M2’s also included the Japanese versions of all the games from the get-go, which is nice. The Castlevania Anniversary Collection shipped only with the English ROMS when it came out, with the Japanese versions patched in months later.
Also included is a Gallery with art from all the games in the series. Fans of the series will probably have seen these before. They’re just regular box art for the games, key art of the characters, some monsters and environments from four games as well as the some Japanese materials.
Some commentary from the designers would’ve nice, especially from Ayame Kojima whose artwork has come to symbolize Castlevania for me. Sadly, she only did the artwork for Aria of Sorrow so there’s very little of her work in the Gallery.
There’s also a Music Gallery where you can listen to all the tunes in the games. Good for some background music while you’re working or what, but nothing major.
Something equivalent to the Castlevania Anniversary Collection’s The History of Castlevania e-book would’ve been much appreciated too! There’s nothing like it in the Castlevania Advance Collection. In fact, that’s the main issue I have with the compilation.
When compared to the Castlevania Anniversary Collection, the contents seem lacking. There are only 4 games, some quality-of-life tweaks and music and art galleries. It’s true that the games here provide much more replay value, but the extras pale in comparison to the previous Castlevania compilation.
The Bottom Line:
The Castlevania Advance Collection comes highly recommended if you’re a Castlevania (or Metroidvania) fan.
The games in the compilation are all of decent quality or above and there’s a ton of gameplay to be had.

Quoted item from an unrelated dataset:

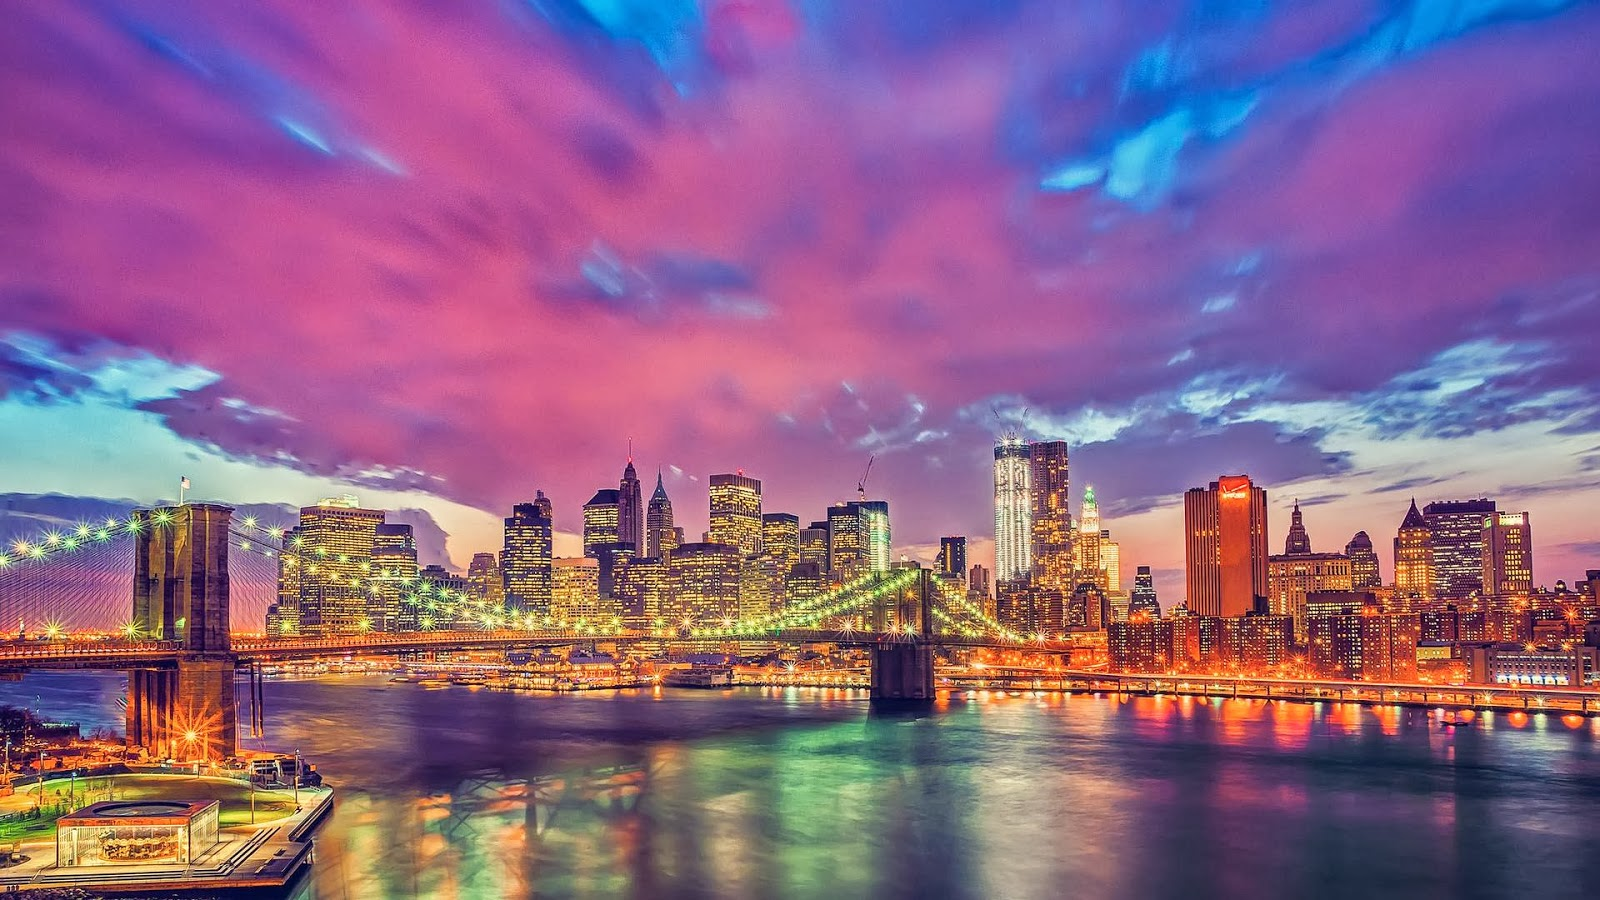 Desktop hd wallpapers free downloads beautiful bridges in - Bridge wallpaper hd ...
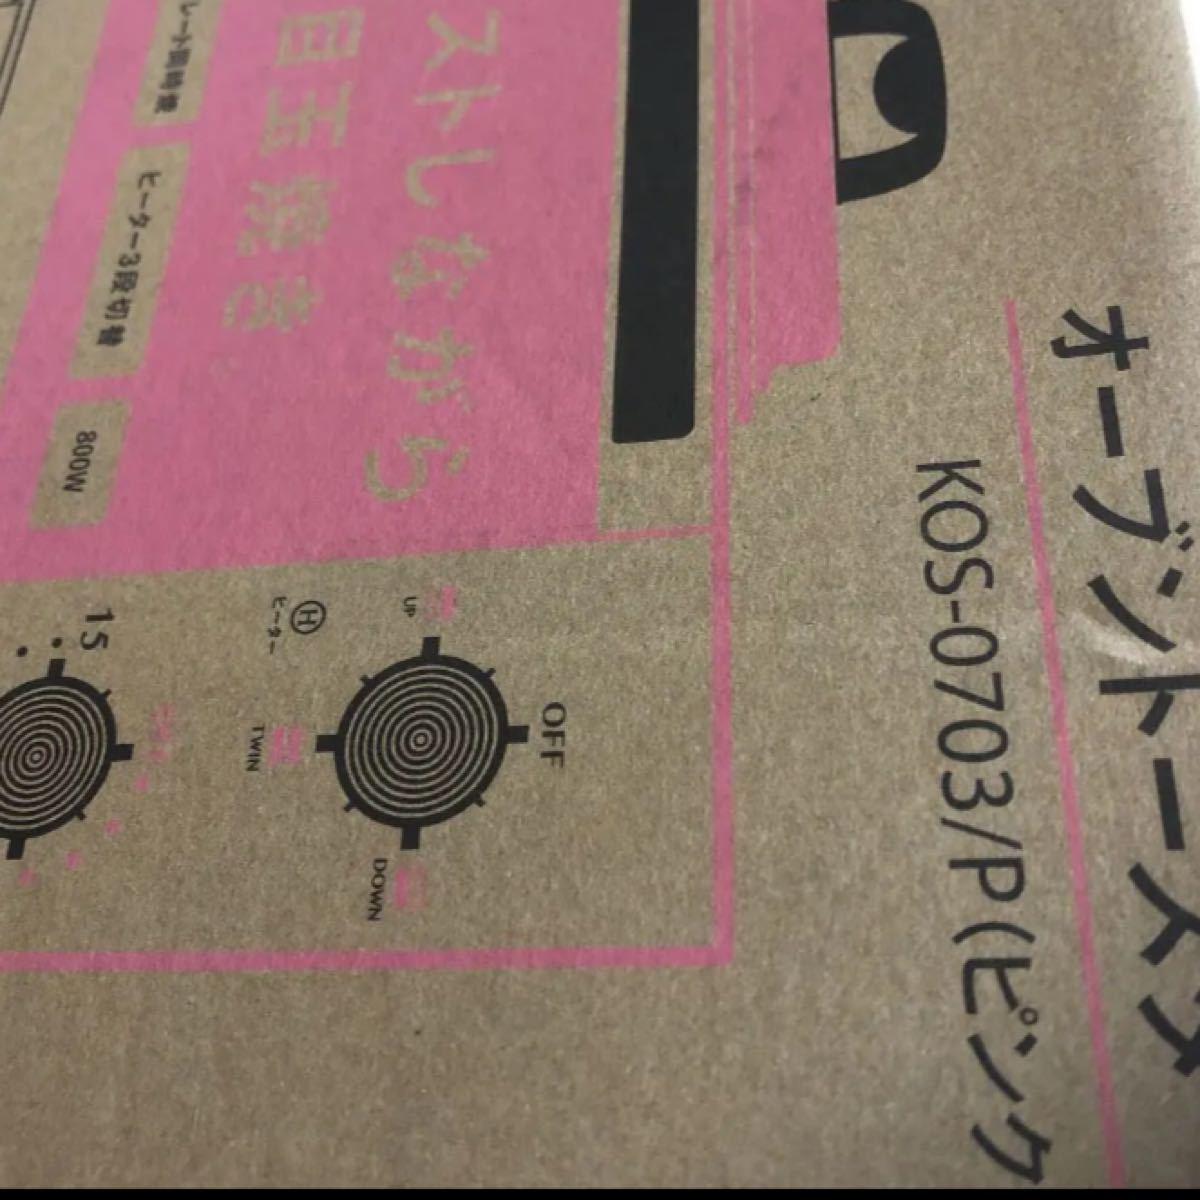 KOIZUMI KOS-0703/P オーブントースター ピンク コイズミオーブントースター

There’s not much in terms extras to dig around with (which is really sad) but considering Konami’s reluctance to release new games nowadays, we’re lucky to have this collection in the first place!
The price might be a tad higher, but the hours of gameplay from the games more than offsets that.
Great collection if you’re a fan or curious about the games.
- Faithfully emulated games.
- Some great music.
- Aria of Sorrow is still incredible.
- Rewind feature.
- Lacking in extras.
- Harmony of Dissonance is utter crap.